The example concerns a robot moving through a grid from VanHorebeek and Lewi also in book. Here is related paramodulation post.
 A: Paramodulation is used in Resolution proof procedure with equlity (see e.g. Chin-Liang Chang & Richard Char-Tung Lee, Symbolic Logic and Mechanical Theorem Proving (Academic Press, 1973), Ch.8.3 Paramodulation, page 168.
In a nutshell, it is first order logic with equality, using transitivity of $=$ and the substitution propereties.
Consider step 5) $turn(turn(turn(turn(x)))) = x$. It amounts to saying that four times "$turn$" is an identity operation.
Thus, applying three times "$turn$" to 6) and using the substitution for functions axiom, what we get is:

$$turn(turn(turn(turn(move(turn(move(turn(move(turn(move(x))))))))))) = 
turn(turn(turn(x))).$$

Now we can delete the four "outer" occurrences of "$turn$" in the LHS to get:



*$move(turn(move(turn(move(turn(move(x))))))) = turn(turn(turn(x)))$.

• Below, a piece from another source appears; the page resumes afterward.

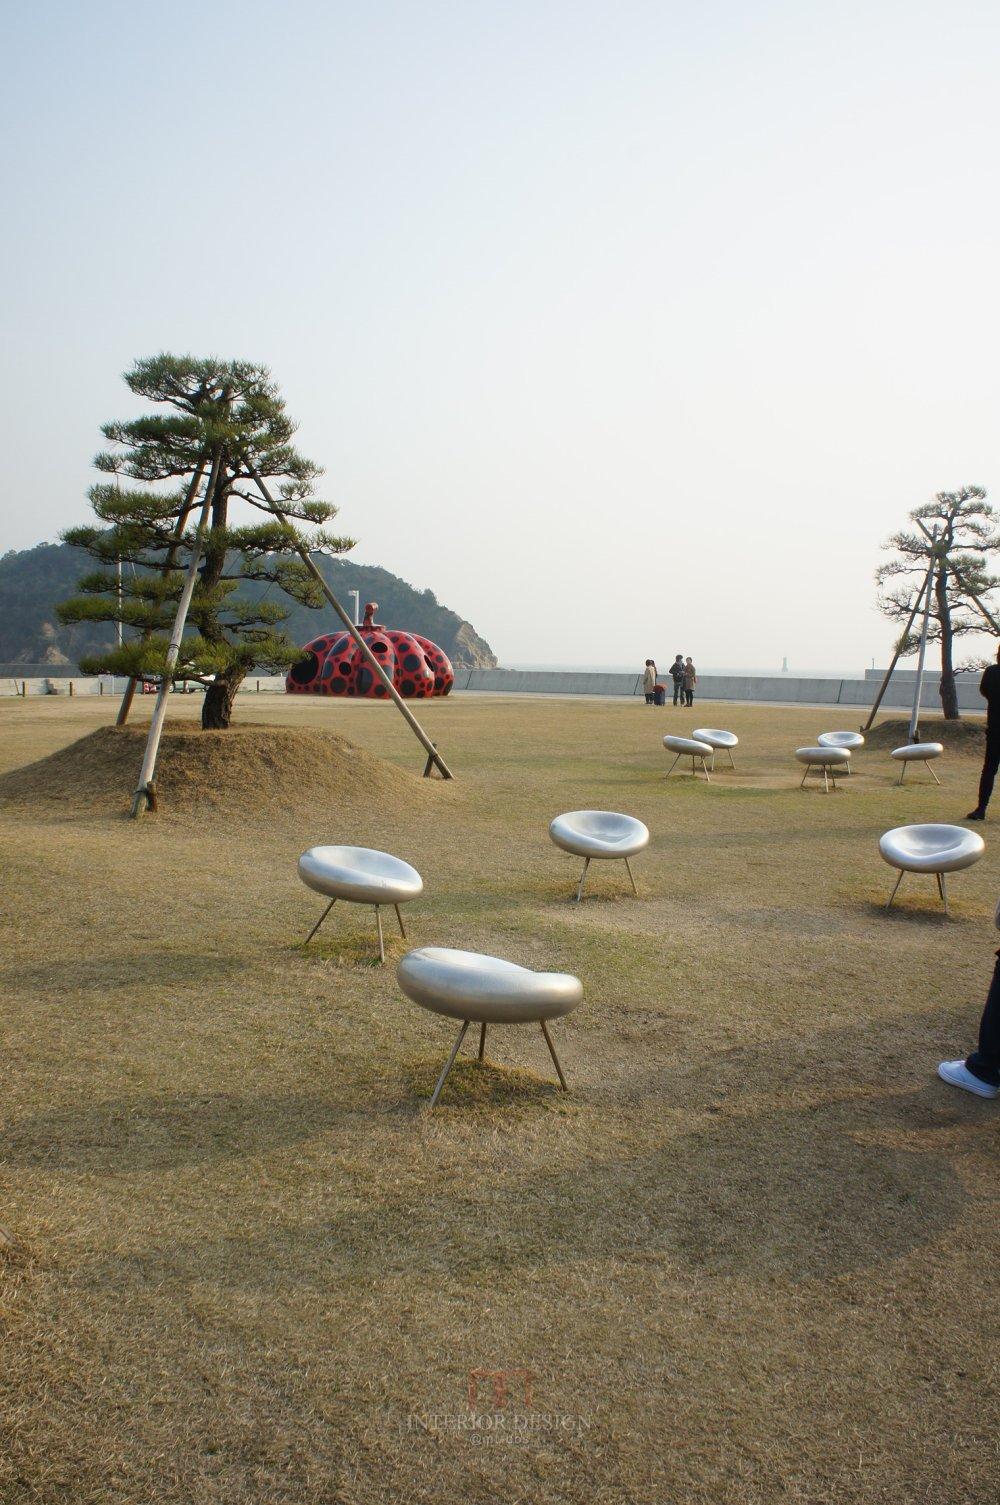 #伙伴一起看日本#  日本设计考察分享(更新美秀美术馆)_DSC05963.JPG

[More formally, this means that from 5) $turn(turn(turn(turn(x)))) = x$ and $turn(turn(turn(turn(expr_1)))) = expr_2$ we substitute $x$ with $expr_1$ in 5) to get $turn(turn(turn(turn(expr_1)))) = expr_1$ and using transitivity with the second equation we get $expr_1 = expr_2$, i.e. 9).]
The same for step 11), derived from 5) and



*$turn(turn(move(turn(turn(move(x)))))) = x$.


Applying "$turn$" twice to 7) we get:

$turn(turn(turn(turn(move(turn(turn(move(x)))))))) = turn(turn(x))$.

Now we can delete the four "outer" occurrences of "$turn$" in the LHS to get:




*$move(turn(turn(move(x)))))) = turn(turn(x))$.